Last week I mentioned an odd question I was asked by a Virginia gentleman.
“I know you were raised Jewish,” he said, “but are you still Jewish?”
Our conversation took a different direction, but the question lingered in my mind. Am I still Jewish? I have, after all, been distancing myself from Judaism for some time. I never really believed in God, but since I had children, my nonbelief has become something I consciously express—like a tune that had been banging around in my head, underneath my thoughts, until I’d finally heard it, and started to hum it aloud.
So: done with the God part. But a rabbi I met last year shruggingly informed me that there are plenty of atheists in her congregation. They still consider themselves Jews.
They’re in her congregation, though. They still practice. I am definitely out of practice. It’s been so long since synagogue and services have been a regular part of my life that when I do occasionally witness the ritual bowing to the ark and the tender undressing of the Torah scroll . . . I feel like I’m watching a movie set in an archaic and alien world.
Judaism—the religion—is over for me. But Jewishness is not so easy to discard.
I grew up in a little town called Broadway, in Rockingham County, Virginia, the “turkey capital of the world” (high school mascot: the Gobblers). We moved there when I was three, my father having been hired to teach at James Madison University, in Harrisonburg, 12 miles south. In Broadway, being Jewish was one of the chief identifying characteristics of us Cohens, a name our neighbors often pronounced as if to indicate a pair of collaborating chickens.
We were different, and our Jewishness helped explain our difference to me and to my friends. It explained why we didn’t go to church, or attend the weekly religious classes my public school held in a trailer off school grounds (to make them . . . less unconstitutional). It explained why we had a candlelight dinner, with wine, every Friday night around 8, two hours or more after our neighbors had eaten. It even—somehow—explained why our walls were lined with books.

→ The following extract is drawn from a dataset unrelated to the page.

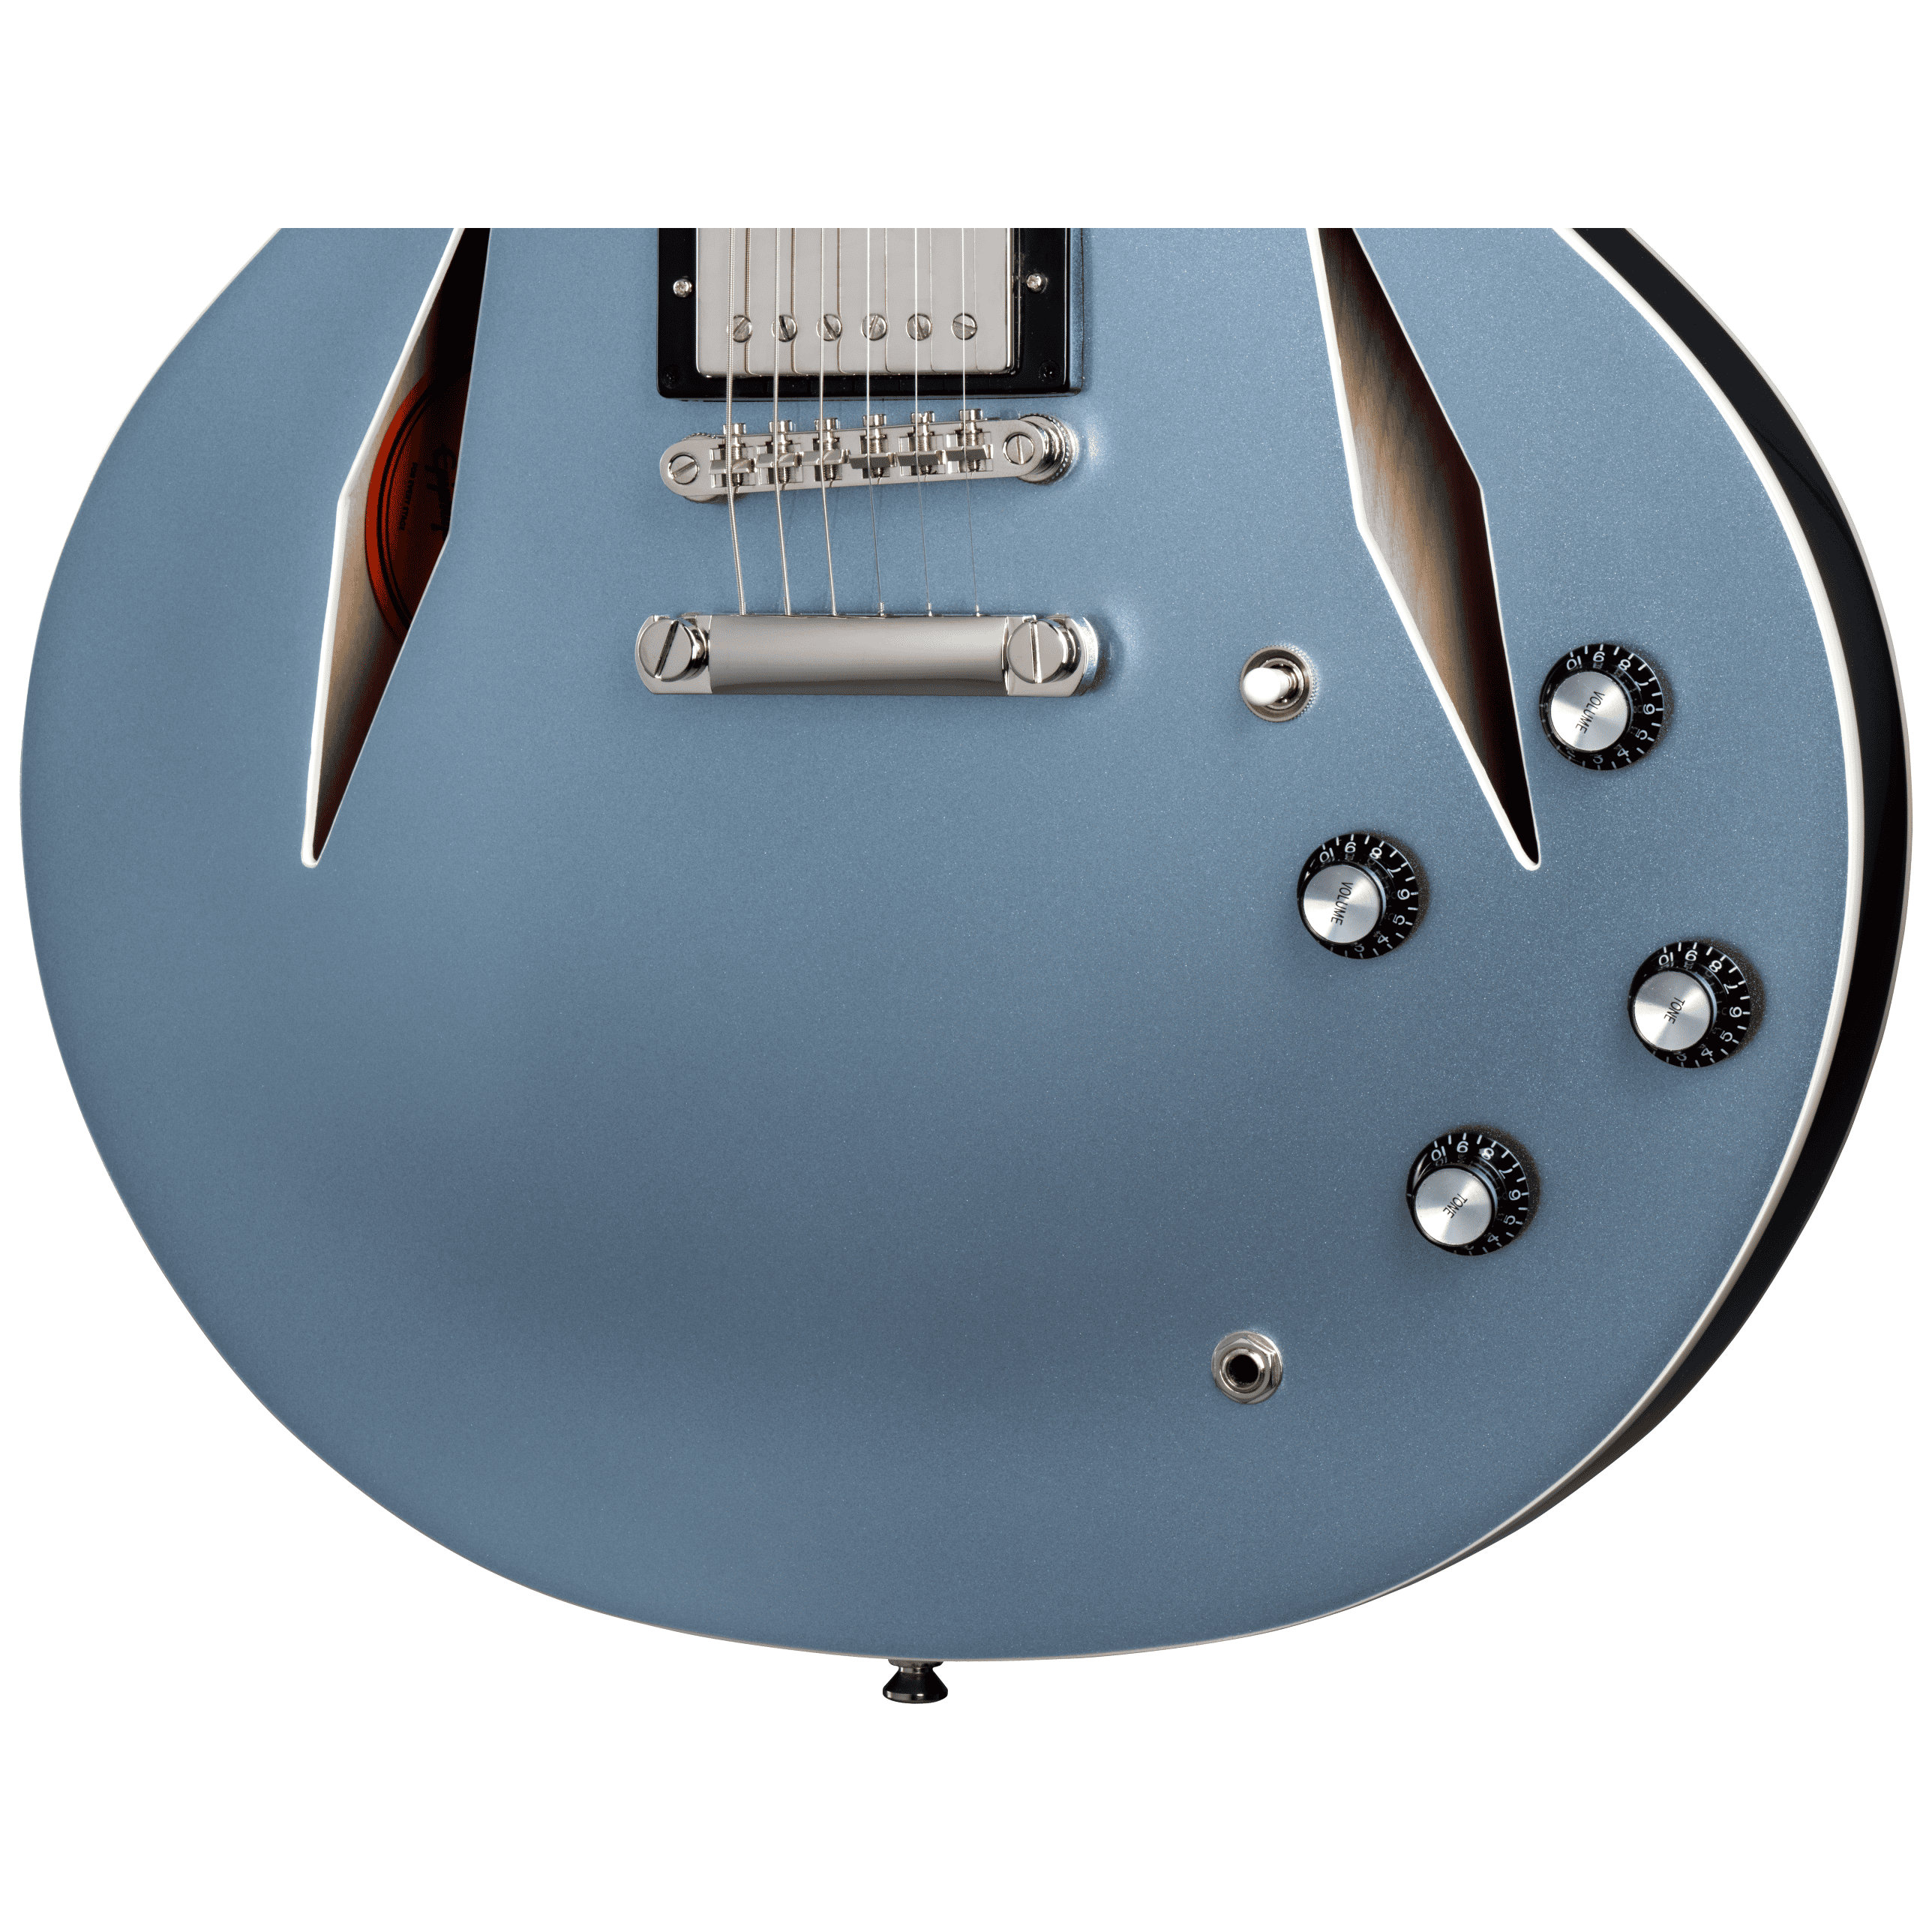 Epiphone Dave Grohl DG-335 5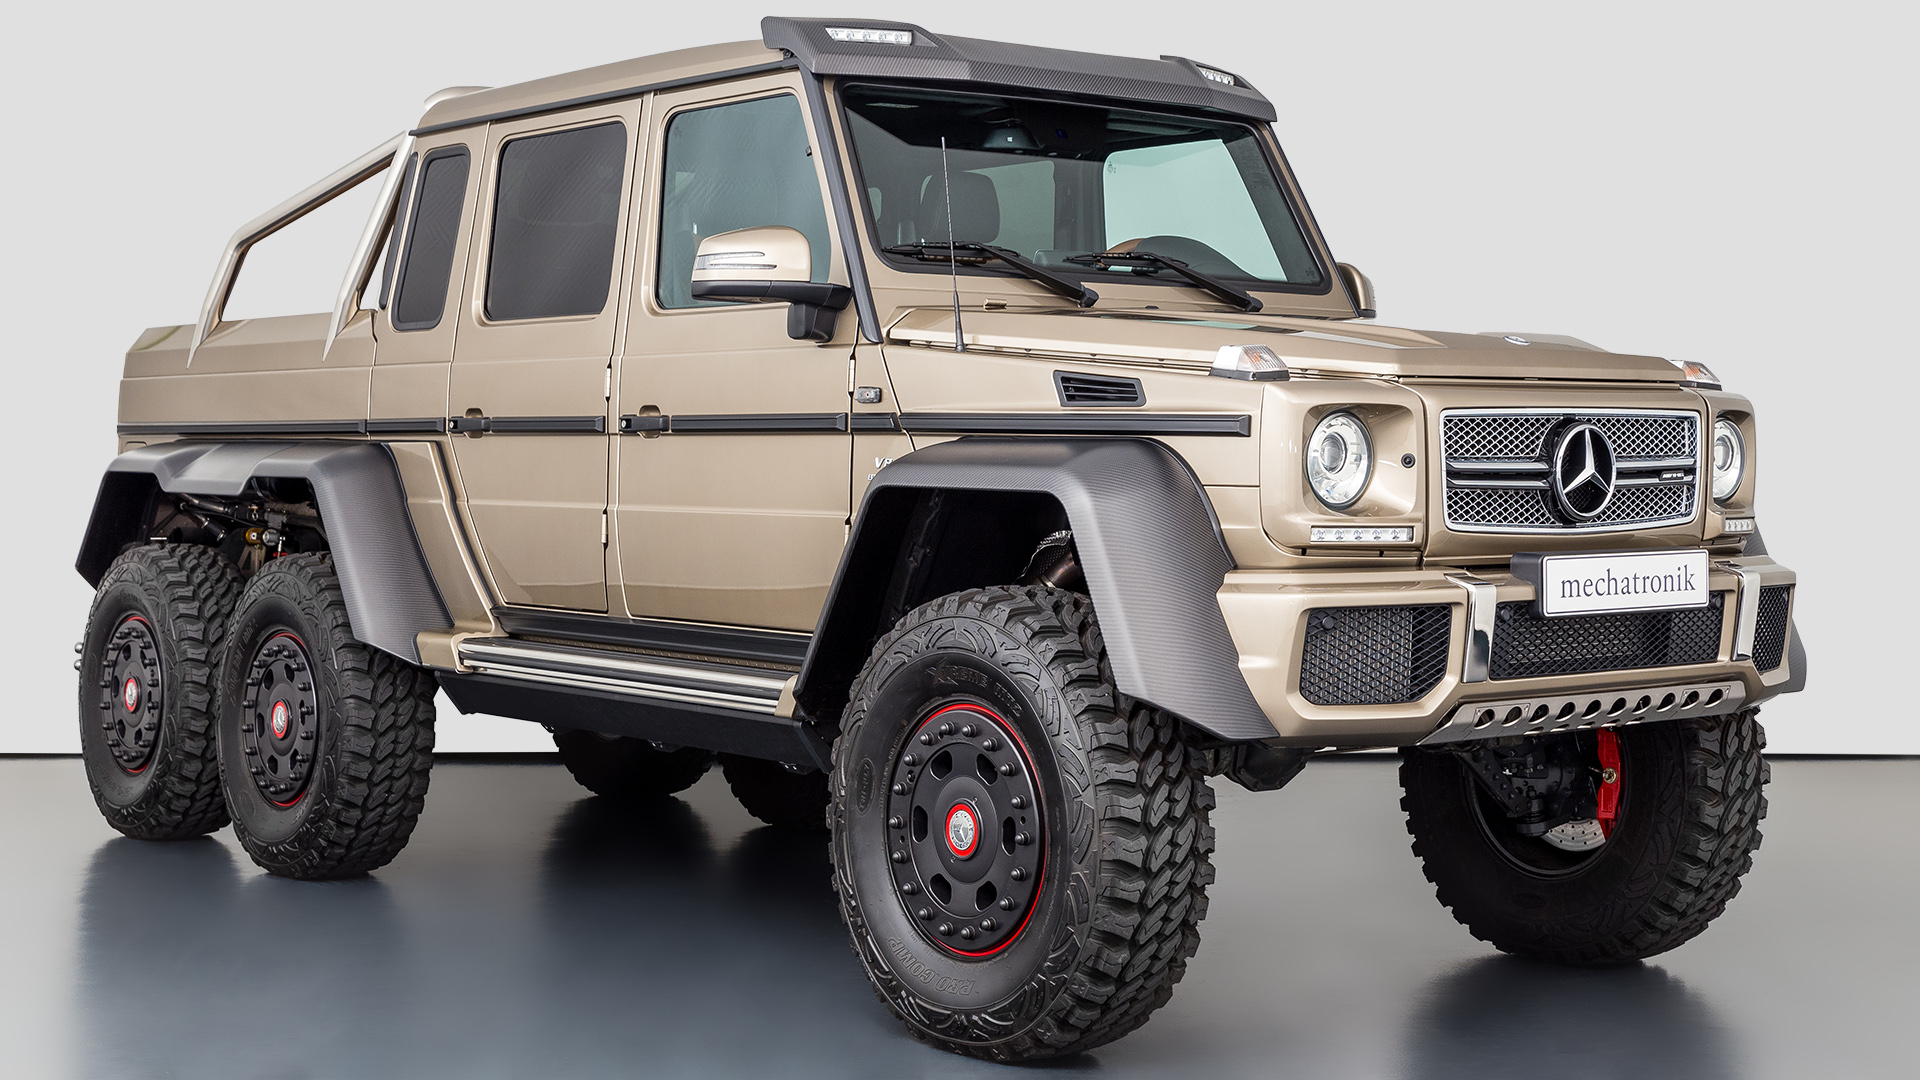 MERCEDES BENZ G63 AMG 6 215 6 Mechatronik GmbH Germany For sale on

Our Jewishness helped explain me, and naturally I sometimes had to explain it. And represent it, as if I were a diplomat from a foreign land. My mom dutifully arrived at the elementary school every December, menorah in hand, to tell the Chanukah story. I often had to insist to astounded classmates that, no, honestly, we didn’t believe that Jesus was the son of God—not even a little. And I don’t know about my sisters, but my being Jewish was also mixed up in my head with the idea that I had to do well in school—extremely well—and also be especially kind to the nice Christians around me.
That part was vague and subconscious, but let me be clear: I was bat mitzvah; I wrote a book on the Holocaust; I had a Jewish wedding; I still make excellent challah.
In other words, it would take a great deal of effort, and possibly therapy, for me not to feel Jewish. All those old labels you stick on yourself (or find yourself stuck with) as a child—even when you try to scrape them off, they leave a gummy residue.
To be honest, though, I’m not trying to scrape off the label. I find it comforting, especially wherever I feel out of my element. I was comforted to think of myself as Jewish at Dartmouth, where lycra-clad blonds jogged by me on their way to the gym. I was comforted by it when I moved to Albany and set about trying to fit in with my husband’s family.
Would I have taken some rubbing alcohol to “Jewish” if it connoted a bunch of traits that didn’t really feel like me at all? If, instead of highly educated, food-obsessed, and politically liberal, “Jewish” signified athletic, outdoorsy conservative?
Well, yes. I’d probably be down to the gummy residue by now.
Or would I be tanned from late-season skiing and a fan of Jeb Bush? Does “Jewish” still seem to suit so well because I have suited myself to it?
Oy. I have to think about that.
I also wrestle with the “am I still Jewish” question, and my answer has evolved to “I do not practice the Jewish religion but I can’t escape the cultural aspects of having been raised in a Jewish family.” It’s certainly complicated….
Yes, it is! It was a struggle to write a short piece. Stay tuned for part 2: Are My Children Still Jewish? That’s the question that really gets some people worked up.
i too was raised Jewish, but i am adamantly anti-religious (especially in regard to the monotheistic ones) because of all the harm, cruelty and divisiveness they have inflicted upon our planet’s sentient creatures. Religion is a choice. i choose not to be Jewish or in any way affiliated with that monstrous God of the Jewish bible who kills Egyptian babies.
I really enjoyed the bit about the trailer. My kids were kind of astonished when I told them about that.
Ha! I’m still astonished.
If it is a religious tenet that the blood of your mother defines one as Jewish, then I would have to say that an Jewish atheist is not a full atheist, in that the so-called atheist believes at least in this one religious tenet. He believes he is still Jewish.
Interesting! Except in my case, I would say that I don’t believe myself to be Jewish because of the blood rule (although others might), but because of acculturation. Not a religious tenet at all. More like a habit!